Compare YOY or Month on Month


I am new to knime and find this software very fascinating.

What i am after?
need to compare Month On Month for 12 Month Data sets.
For Eg Base Month July 21 against August 21 and July 21 against September 21 and so on.
Comparison for Sales by customer.

  1. i have csv data sets for each month with around 200000 rows. (I am using Csv Reader node 12 times)
  2. I have used Group by node on each Csv reader node ( to group each Month by customer, State etc)

Now i am not sure what to do next.

What i want is to line up sales for EACH MONTH next to July 21 customers.

In excel one can use vlookup to line up sales for each month and create a new column.

Thank you for some advise.

Hello and welcome to the community!

  1. You may not have to use 12 csv reader nodes if you select “files in folders” instead of “file” (warning: your files must be standardized for this to work).

  1. Great

EACH MONTH: I am not sure what you expect the final output to be. Could you attach a screenshot of what you data looks like in Excel before and after?

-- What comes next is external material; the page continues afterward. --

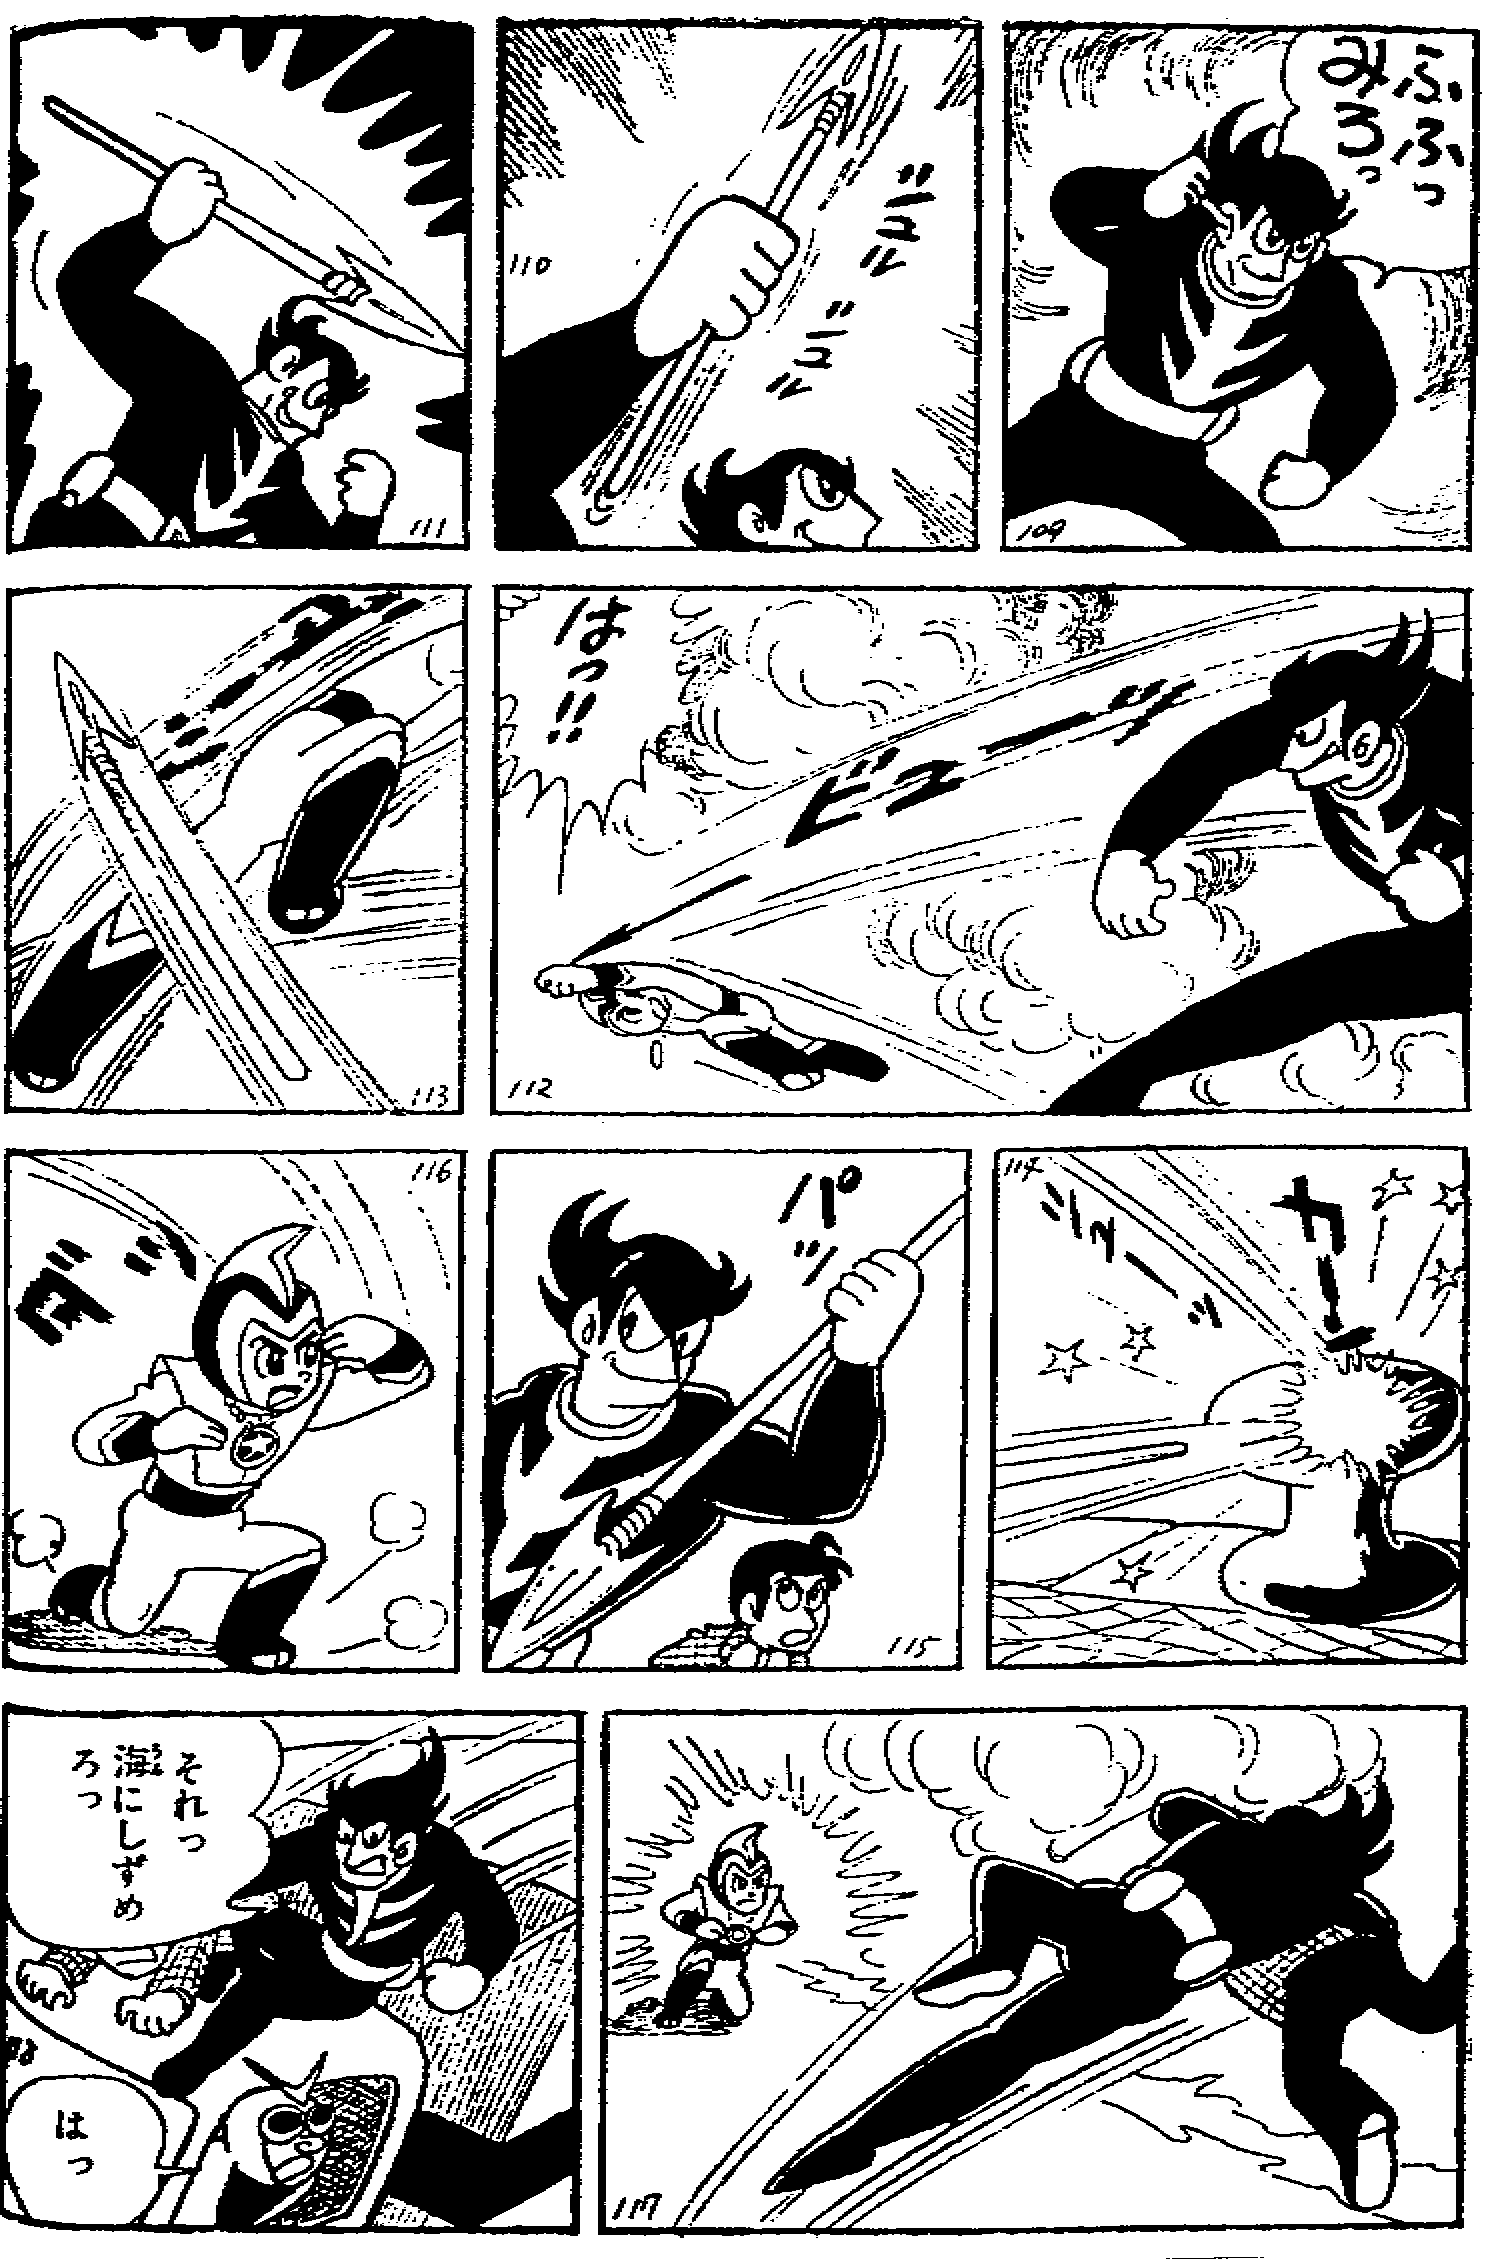 Japenese anime comic strip

If you provide data and a workflow users on the forum can usually help you solve a problem a bit faster~

Attaching an excel file with input and expected output also helps like what this user did: Splitting multiple rows by column value to append according to year and month

Thank you

1 Like

With files in folder you would stack all your 12 months vertically in one gib table. With lag column you could potentially compare your month values

If you use a loop with column append end node you have them stacked horizontally (similar to when you use joiner node for all your 12 files and one or more join criteria, e.g. customer name). Then you can calculate difference between the columns
as already pointed out by victor_palacios data sample is certainly helpful here.

1 Like

Hello Victor and Daniel

Thank you for your reply.

Please find attach an example of what i am after.

Book1.xlsx (43.4 KB)

1 Like

Hello @Sid_melb and welcome to the KNIME forum.

Just trying to focus a bit more in the challenge (once I saw your example). We had a post in the forum happened last December month. The challenge was also focused in retail data and difference calculations.

There were some differences with your described challenge:

  1. the requested granularity was based on a month by month basis (instead of a pinned reference month)
  2. the target field was the product instead the client
  3. the differentials were presented as quantities instead of percentages

However I think that there are few similarities with that challenge, and maybe you can get some insights from it, aiming to plan your next steps.


1 Like

You can see a simple example here where I used your excel sheet to make sure my Quantity YOY matched yours with 3 nodes (I did something silly with reading in the data, but you can ignore that and just check out the 3 nodes Sorter, Lag Column, and Math Formula which will replicate what you did in Excel.)

Screen Shot 2022-07-01 at 3.00.48 PM

This is a starting point and other forum members have pointed you to other threads with similar topics.

The Transpose node may also help when you read several files at once but the format can be adjusted with other nodes as well to replicate this simple example.

1 Like

Hi Victor and [gonhaddock]

Thank you for your response

As per the below screenshot if i compare the quantity from month Feb22 and April22. There is 0% increase. This does not reflect in the new column.

What if i keep Jan 22 as the base.
I have redrafted the excel sheet.
Book1.xlsx (43.9 KB)

Hi Just wondering if anyone found any solution?

The lag column gives you the lag specified. If you want a different lag from -1 then change the setting in the node. If you want to fix it to a base you can simply add this base number as a constant column and then divide by this column value.

1 Like

This topic was automatically closed 90 days after the last reply. New replies are no longer allowed.